Te Pāti Māori helped organise the nationwide hīkoi and now say the Speaker - charged with managing Parliament’s grounds - got too involved in yesterday’s mass gathering.
“Our staff were locked from being able to come out and give water to the protesters, or to the whānau,” co-leader Debbie Ngarewa-Packer said.
Ngarewa-Packer said Te Pāti Māori’s caucus had discussed complaining to the Speaker; a party representative later confirming to RNZ that this would happen in the next day or so.
“There were absolutely no incidents. It was always peaceful.
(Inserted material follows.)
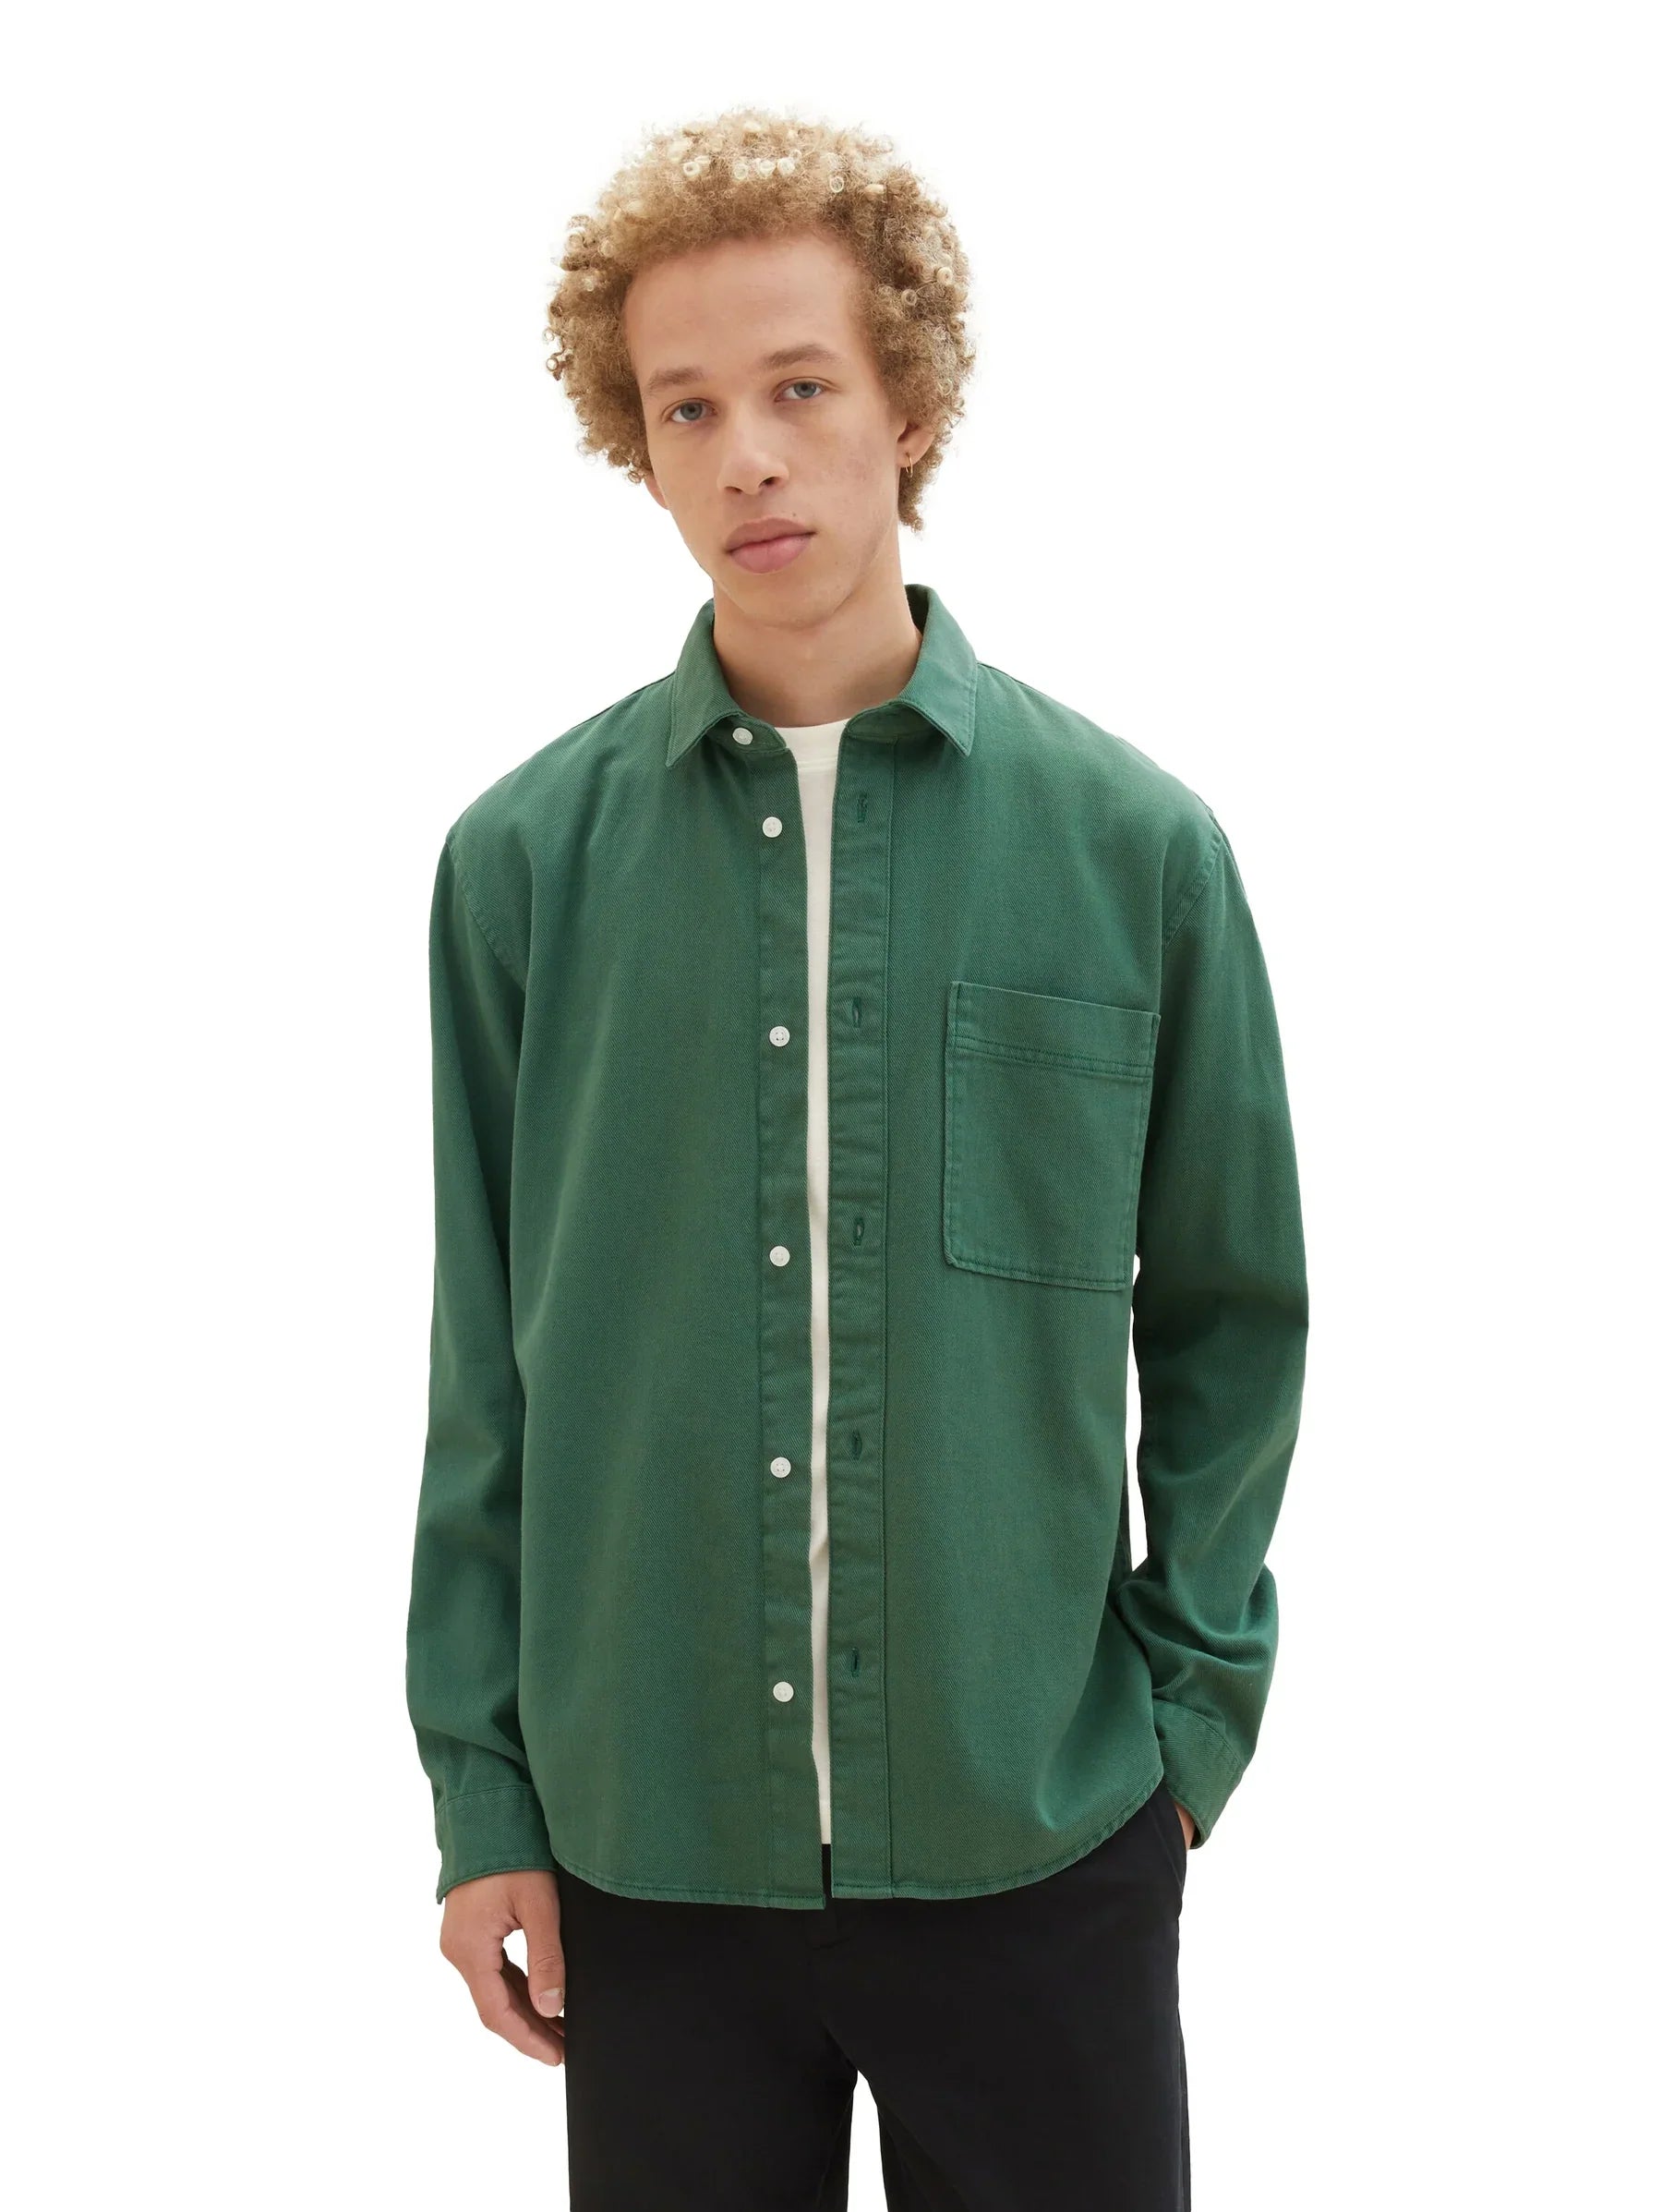 Tom Tailor Green Styled Shirt

For nine days we showed that discipline and our aroha to the nation and indeed to the world.
“So the Speaker has overused his powers and done a whole lot of things he’s never done to any other protests.”
The Speaker’s Office has been approached for comment.
MPs weigh in on potential changes to Parliament’s rules
The Speaker has received letters from New Zealand First, National and the Act Party raising a matter of privilege about last week’s haka in the debating chamber.
Te Pāti Māori’s Hana Rawhiti Maipi-Clarke led Opposition parties in Ka Mate on Thursday as the Treaty Principles Bill was being voted on.
Photographs and videos of Maipi-Clarke have now gone around the world, clocking more than 400 million views on the social media app TikTok.
New Zealand First Minister Shane Jones yesterday told the House he had concerns Standing Orders (Parliament’s rules) were “incapable of dealing” with such an event.
Prime Minister Christopher Luxon said the Standing Orders needed to be clarified so difficult debates didn’t “degenerate into disruption”.
“No disrespect, what we saw on Thursday was unacceptable and we need to make sure that we can have debates on difficult subjects without people threatening other members inside of Parliament.
“It’s pretty basic and I appreciate whether it’s around haka or individuals walking up to other individuals in the Parliament and going off at them; that’s not acceptable behaviour.”
Act leader David Seymour said he would support tougher sanctions for people disrupting Parliament.
“I think Te Pāti Māori’s behaviour has presented a very specific challenge. It is people who are actually quite proud to undermine the mana of Parliament.
“People who say you have to follow tikanga aren’t prepared to follow it here. In fact, they think their supporters will back them more if they behave dishonourably within the House because their objective is to discredit the Parliament and they openly say they’d like to set up another parliament.”
“The Parliament needs a way, I think, of disciplining people who are directly trying to undermine the Parliament. How you could do that: more direct, longer penalties, suppressing their ability to share that kind of information or impression.
“For a long time, Parliament’s worked on the basis that people are really proud to be a part of it and feel ashamed to undermine its procedures. We don’t really have rules to take on people who are proud of undermining Parliament.”
Speaking today, Jones said Te Pāti Māori were practising “TikTok culture”, adding they weren’t the only purveyors of Māori culture.
“I think the standing orders need to be given a dose of robustness. It’s important that we deter Parliamentarians from bringing the House into disrepute.
“I don’t think it’s fair to say that the House hates haka, but when haka overwhelms voting and the traditions and conventions of how you ought to be a Parliamentarian during voting then I think haka should play second fiddle.”